Data analysts/ Scientists use exploratory data analysis (EDA) to analyze and investigate data and datasets and summarize their key features, often employing data visualization methods. It helps in understanding the dataset very easily. Helps in manipulating data for further use.
EDA is used to see what data can reveal beyond the formal modelling or hypothesis testing task and provides better understanding of data set variables and the relationship between them. Originally developed by American mathematician Jhon Tukey in the 1970s, EDA techniques continue to be a widely used method in the data discovery process today. EDA can help us deliver great business results, by improving our existing knowledge and can also help in giving out new insights that we might not be aware of
Tools Used
opendatasets
(Jovian library to download a Kaggle dataset)
Data cleaning:
Pandas
Numpy
Data Visualization
Matplotlib
Seaborn
plotly
Heatmap
About the Project
In this project, we are trying to Analyse Global Cargo Data. This selected dataset covers import and export volumes for 5.000 commodities across most countries on Earth over the last 30 years. Personally, I find commodities quite interesting because they help to analyze not only the income of a country but also international behaviors and relations of countries.
Steps followed
Step 1: Selecting a real-world dataset:
- We will download our dataset from
Kaggle
using the libraryopendataset
created byJovian
which imports the datasets directly from the 'Kaggle' website - import opendatasets as od
- dataset = ‘https://www.kaggle.com/ unitednations/global-commodity-trade-statistics’ od.download(dataset)
Step 2: Performing data preparation & cleaning
- We will load the dataset into a data Frame using Pandas, explore the different columns and range of values, handle missing values and incorrect datatypes, and make our data ready to use for our analysis.
Step 3: Perform exploratory analysis and visualization and asking interesting questions
- We will compute the mean, sum, range, and other interesting statistics for numeric columns, explore distributions of numeric columns using histogram etc., make a note of interesting insights from the exploratory analysis, ask interesting questions about your dataset, and look for their answers through visualizing our data.
Step 4: Summarizing inferences & writing a conclusion
- We will write a summary of what we’ve learnt from our analysis, share ideas for future work that can be explored in future with this data and share links to resources we found useful during our analysis.
How to Run the Code
option 1: Running using free online resources (1-click, recommended)
The easiest way to start executing the code is to click the Run button at the top of this page and select Run on Collab.
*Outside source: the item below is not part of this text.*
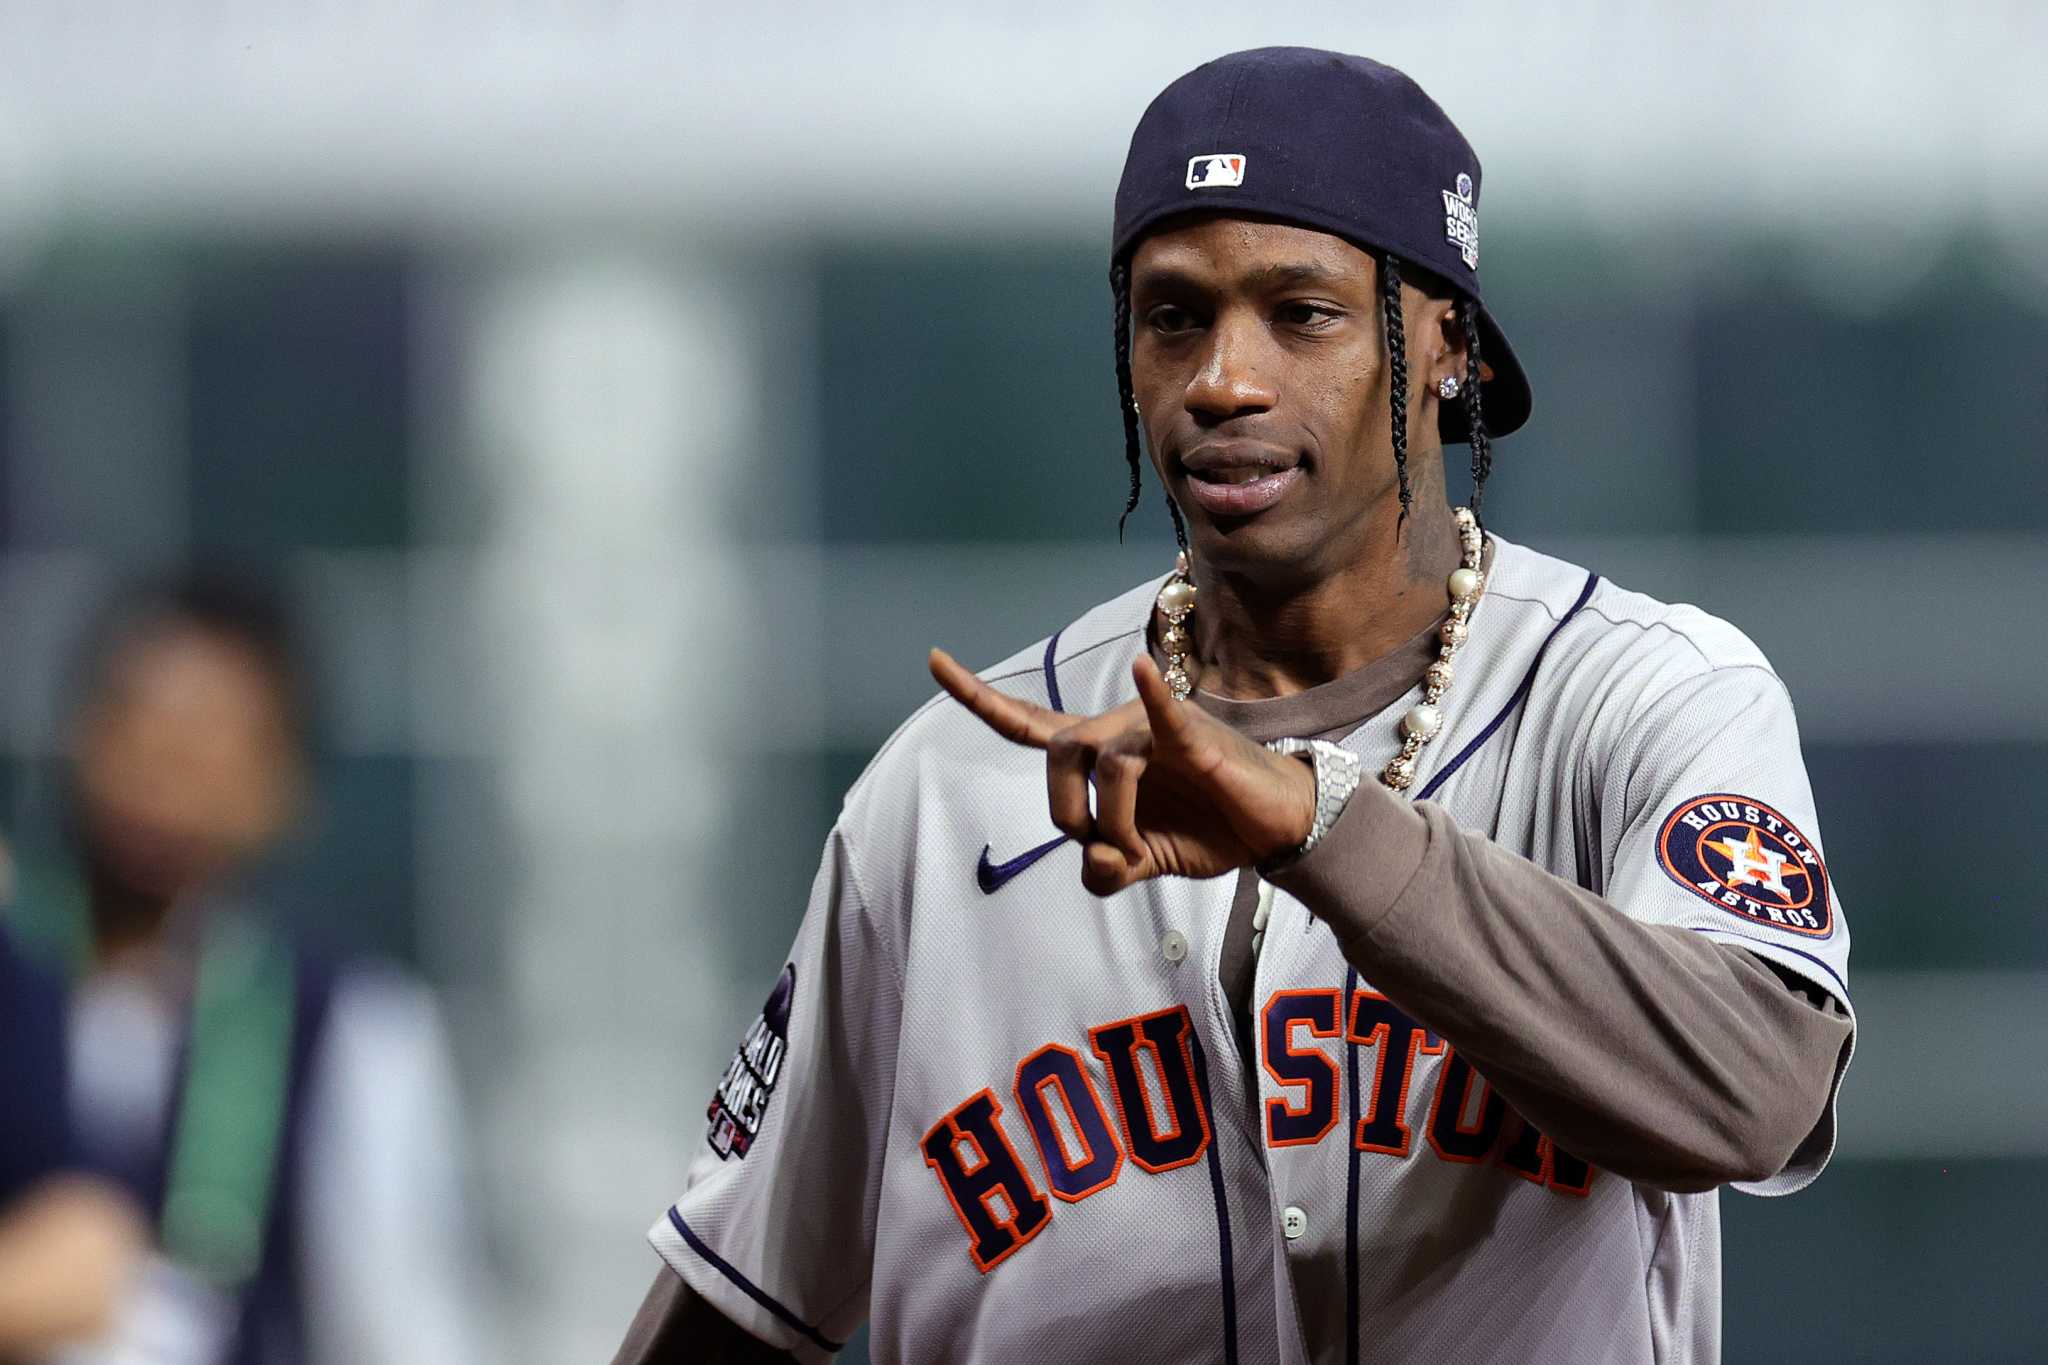 Travis Scott hyping up Astros fans at game 6 of the #WorldSeries ⚾️🔥

You can also select “Run on Binder” or “Run on Kaggle”, but you’ll need to create an account on Google Collab or Kaggle to use these platforms. Also, Collab will provide the most memory that will be needed for this project to run.
Option 2: Running on your computer locally
To run the code on your computer locally, you’ll need to set up Python, download the notebook and install the required libraries. We recommend using the Conda distribution of Python. Click the Run button at the top of this page, select the Run Locally option, and follow the instructions.
Jupyter Notebooks: This is a Jupyter notebook — a document made of cells. Each cell can contain code written in Python or explanations in plain English. You can execute code cells and view the results, e.g., numbers, messages, graphs, tables, files, etc., instantly within the notebook. Jupyter is a powerful platform for experimentation and analysis. Don’t be afraid to mess around with the code & break things — you’ll learn a lot by encountering and fixing errors. You can use the “Kernel > Restart & Clear Output” menu option to clear all outputs and start again from the top.
Downloading the Dataset
Step 1: We will download the dataset from “https://www.kaggle.com/" using the opendatasets
library created by Jovian. So, let's begin by downloading the data, and listing the files within the dataset: 'https://www.kaggle.com/unitednations/global-commodity-trade-statistics'
Data preparation and Cleaning
Data cleaning is the process by which we make sure that the data that we are using for our analysis is completely ready. It means we don't have any duplicates, or missing values, the data is in the right format, not corrupted and thus ready to be used for analysis.
As we can see we have 10L rows and 10 columns to work with. OfCourse we cannot work with all of this for what we do today. So let us start working on cleaning this data. i.e. selecting the required data and putting it in the form of our analysis. Before that we shall see a sample of data, type of data and using describe
method we shall see various insights of dataset.
As we can see that by default float64 and integer64 bit datatypes are used, though the values that have been used are not that large and can be stored in a 32bit datatype as well.
We can convert the dataset 64bit datatypes to 32 bit so that we can increase the speed and decrease the space the dataset holds.
Now we have finally read 10L rows from the ‘trade_data_csv’ with our selected datatypes. But we still might have some duplicated and missing values. We have solved it in the notebook which has been embedded here. You can view the file by clicking on “View File”. Let's jump directly on to Analysis and Visualization section. Before that let’s describe every column in our dataset.
Description of the columns
country_or_area
: country name of recordyear
: year in which the trade has taken placecomm_code
: the harmonized and coding system referredcommodity
: description of a particular commodity codeflow
: flow of trade i.e. export, import, otherstrade_usd
: value of the trade in USD.weight_kg
: weight of the commodity in kilogramquantity_name
: description of the quantity measurement type given the type of item (i.e. number of items, weights in, etc.quantity
: count of the quantity of a given item based on the quantity namecategory
: category to identify commodity
Exploratory Analysis and Visualization
Here, let us try to understand the dataset better with visualization. Which will also help us to have answers to some interesting questions delivering meaningful insights into data
Let us try to understand the correlation between numerical values if there are any.
As we can see itself in the plot, there is no correlation between numerical columns in our dataset.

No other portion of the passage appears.